An ironic thing: As memory serves, the Kzinti first figured out the Strategy of a Thousand Names (now best known as the Galactic Swindle?), first discovered by Purge, from an AAR Mumblefratz posted in the general section of the Galactic Core, where the strategy was used but not described. What I miss about this game was how even rivals were friendly and helped each other learn and develop their playing skills. We competed, but we also collaborated and respected each other. I hope that even as the game fades, that legacy will stay intact.
The intent of that post was indeed to give as much hint as possible to as many people as possible so that people could put two and two together and come up with four. I couldn't really expose everything directly because as I've said it was not mine to give in it's entirety even though I did in fact refine and extend the methodology significantly myself. But even then I was uncomfortable withholding something that made such a dramatic difference in potential scoring. Also DethAdder contributed quite a bit to the methodology and has never received appropriate credit. To the best of my knowledge it was DethAdder that came up with the modifications to the strategy required to get it to work in DA by adding trade fodder ships to the equation as well as discovering the requirement of having to let the state of war exist for a turn before performing the "swindle". KP just as clearly added his own twist to the strategy by adding the direct trading of tech for planets long before the final "swindle" was accomplished thus increasing player development.
I've always maintained that secrets really never stayed all that secret for all that long a period of time and I always viewed that as a good thing. Things that are kept in the dark for too long tend to rot and putrefy. There was always a balance between "empire secret" and a goodly amount of hints and outright discussion even if all it started out as was trying to sound out the other guy about how much of something they've figured out. I really doubt there's much that any one person is ultimately responsible for. There's always the germ of an idea that was supplied by someone else and extensions and improvements later added by many.

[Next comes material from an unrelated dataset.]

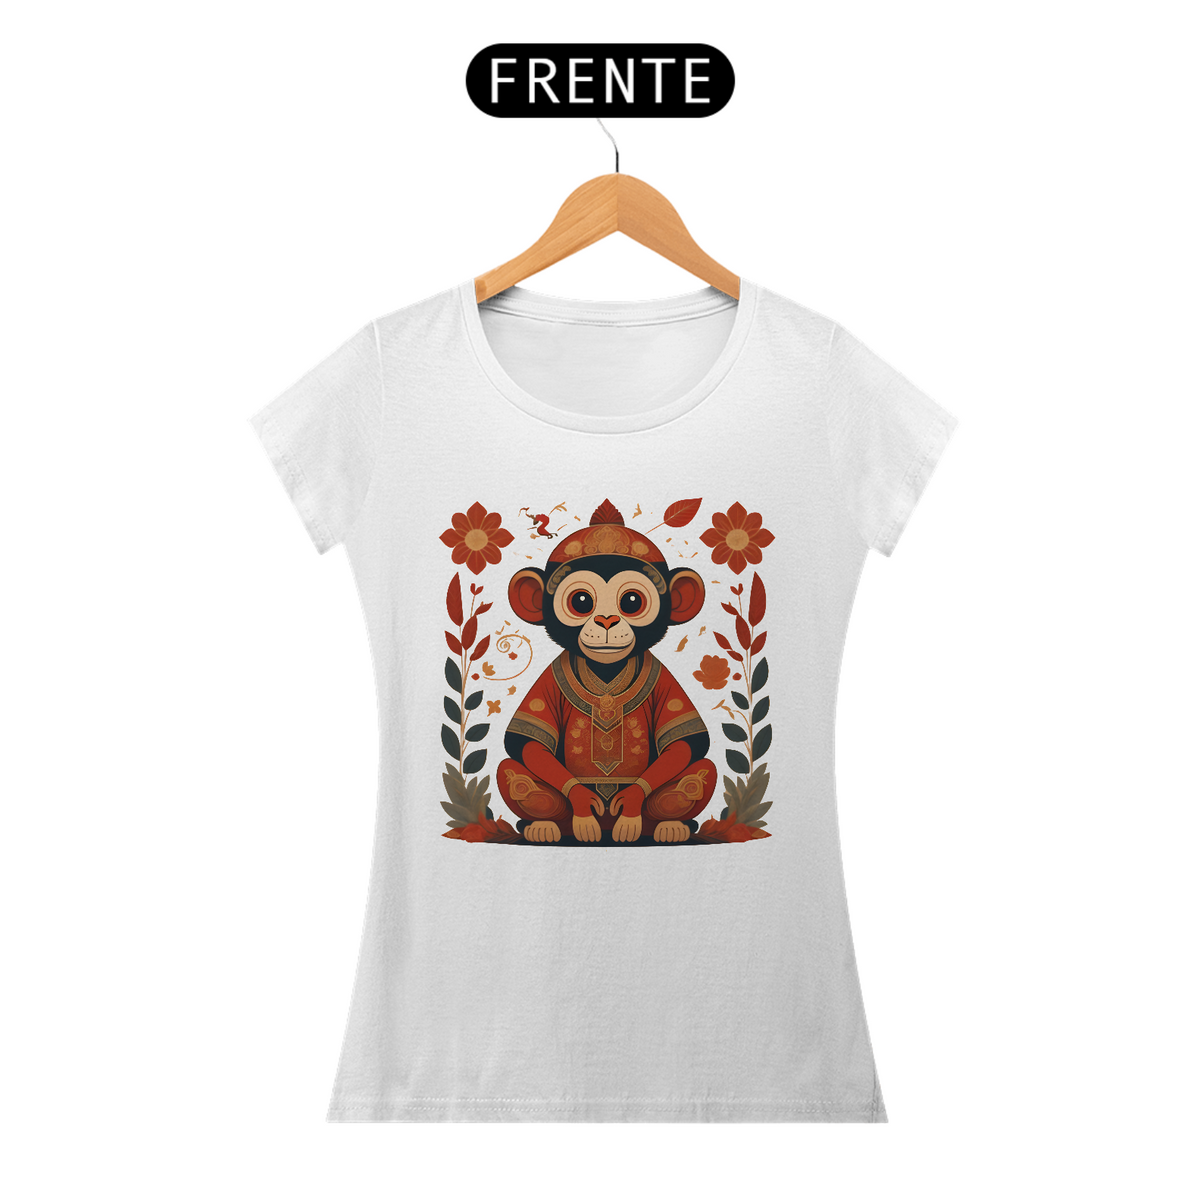 Nome do produto: Chinese New Year - T-Shirt Baby Look Monkey Monk

Also we were always able to openly discuss things that some folks felt might be on the edge in an open and mature way. I continually point out the initial discovery of the entire concept of ARC as something many people had reservations about and these concerns were addressed and treated as valid even by those that felt ARC was perfectly innocuous. Same with bugs like the planetary governor where a few folks wanted to take off and go with it but the bulk of the "community" quickly decided it was wrong and convinced pretty much everyone that it should not be used.
It was this ability to consider the concerns of any member of the community as potentially valid that we've seemed to have lost. If even I couldn't bring up a concern and have it reasonably and rationally discussed without essentially being shouted down, then who could?